Anonymous 7/19/2025, 2:46:42 AM No.105952212 [Report]

>>105945163
>5510887582 x 22919720567438908647
1,263,272,981,903,155,902,903,879,654
chatgpt 4o

Anonymous 7/19/2025, 3:06:40 AM No.105952370 [Report] >>105952501 >>105952550

ai can code
so why doesnt ai just realize it should code a solution

Anonymous 7/19/2025, 3:23:38 AM No.105952501 [Report]

>>105952370
Isn't giving AI the ability to code itself how the world ends?

Anonymous 7/19/2025, 3:25:58 AM No.105952521 [Report]

you've been able to give complex math problems to wolfram alpha in plain english for years
just stick a llm on top of that

Anonymous 7/19/2025, 3:28:01 AM No.105952536 [Report]

>>105945118
Yeah, this board is retarded as fuck. How does a tech board not understand what an LLM is

Anonymous 7/19/2025, 3:29:36 AM No.105952548 [Report] >>105952839

>>105952160
> reading is hard
maybe ask gpt to interpret the charts for you

Anonymous 7/19/2025, 3:30:03 AM No.105952550 [Report]

>>105952370
chatgpt has been doing this under the hood with python sandboxes for quite some time now. im sure others do it too

Anonymous 7/19/2025, 3:33:10 AM No.105952571 [Report]

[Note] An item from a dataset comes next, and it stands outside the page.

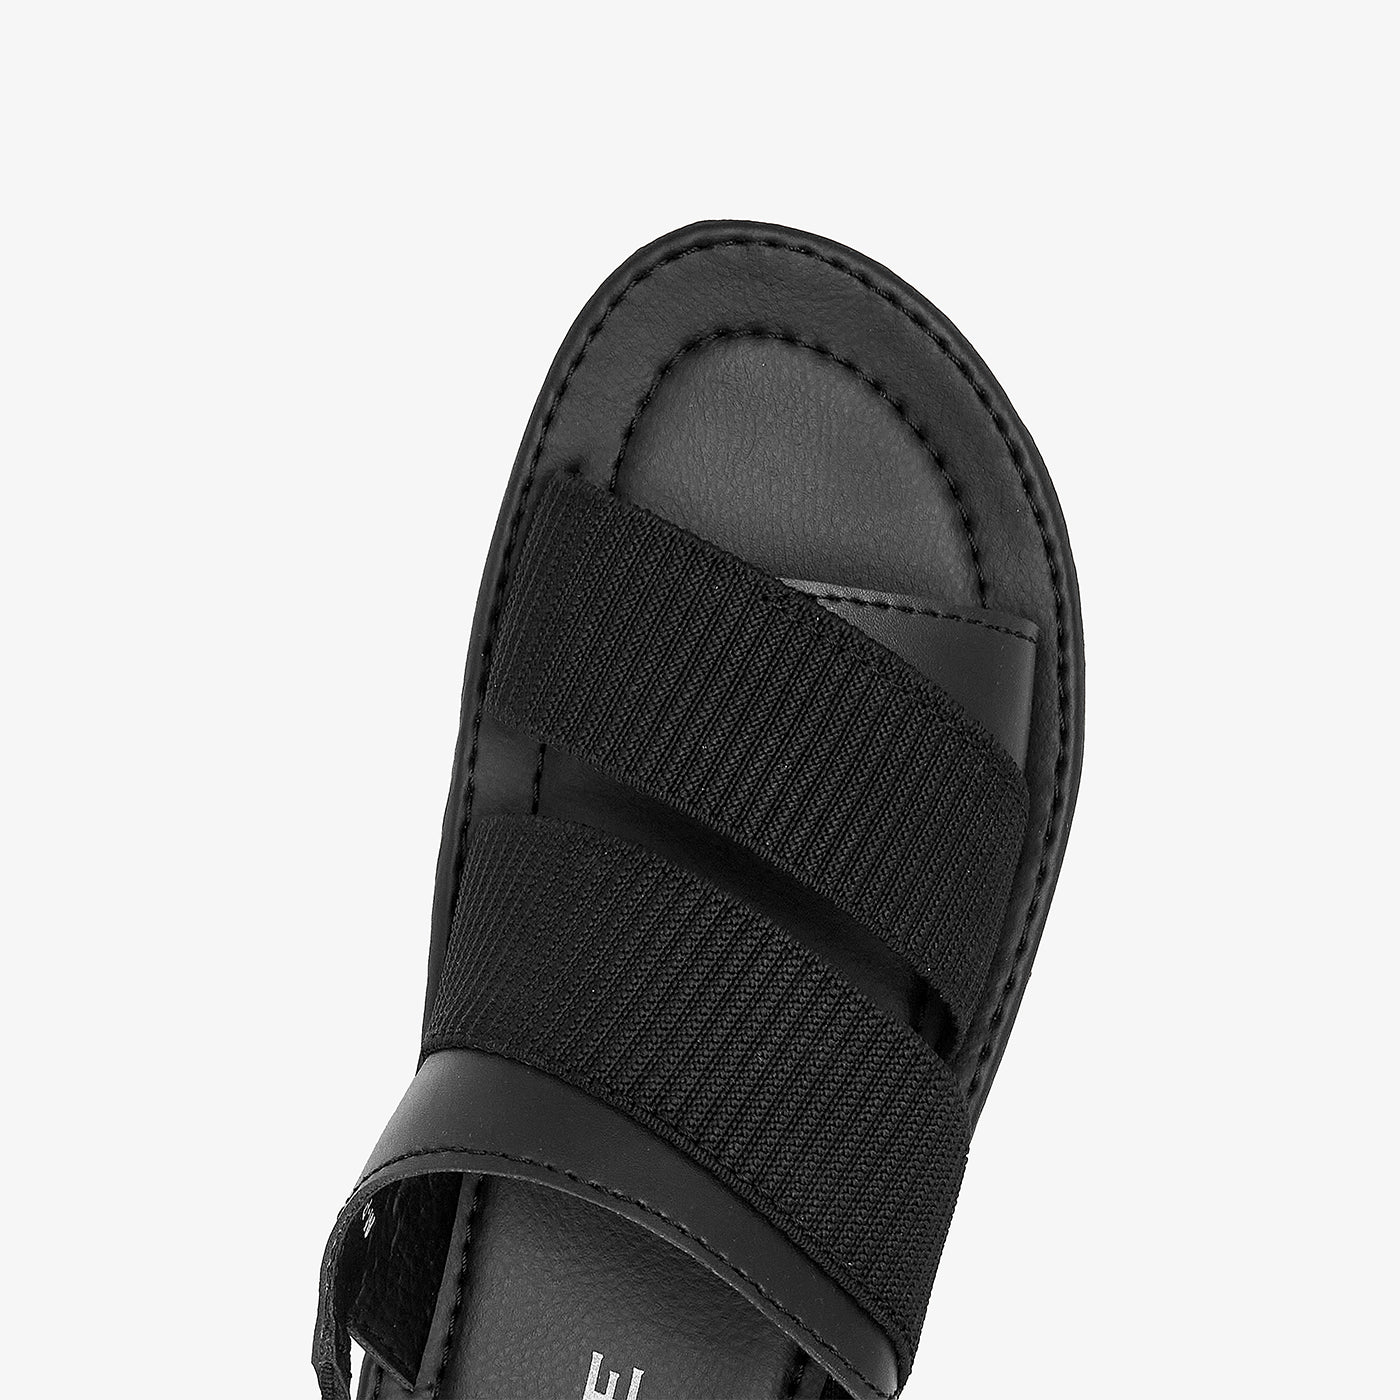 Men's Edgy Summer Sandals

1748451683919556.jpg md5: 3d2518b8...

>>105945586

Anonymous 7/19/2025, 4:20:58 AM No.105952839 [Report]

>>105952548
It gets it right:
-96.2% of the times in row 10 column 3
-84.6% of the times in row 3 column 10

So yeah not always above 90%, fair enough, I only read the first value. My statement is still closer to the truth than "it fails this every single time", however. If I had to guess, I would also assume that multiplying by 100 has a way higher success rate than an arbitrary 3 digit number.

Anonymous 7/19/2025, 4:31:53 AM No.105952885 [Report]

>>105951427
Sounds like you're just really into cuck shit

Anonymous 7/19/2025, 4:35:08 AM No.105952898 [Report]

>>105945105 (OP)
give it a tool call. get with the times

Anonymous 7/19/2025, 5:14:58 AM No.105953200 [Report]

>>105945118
Something is off.
These models can actually reason and even argue.
That should not happen with a mere text generator.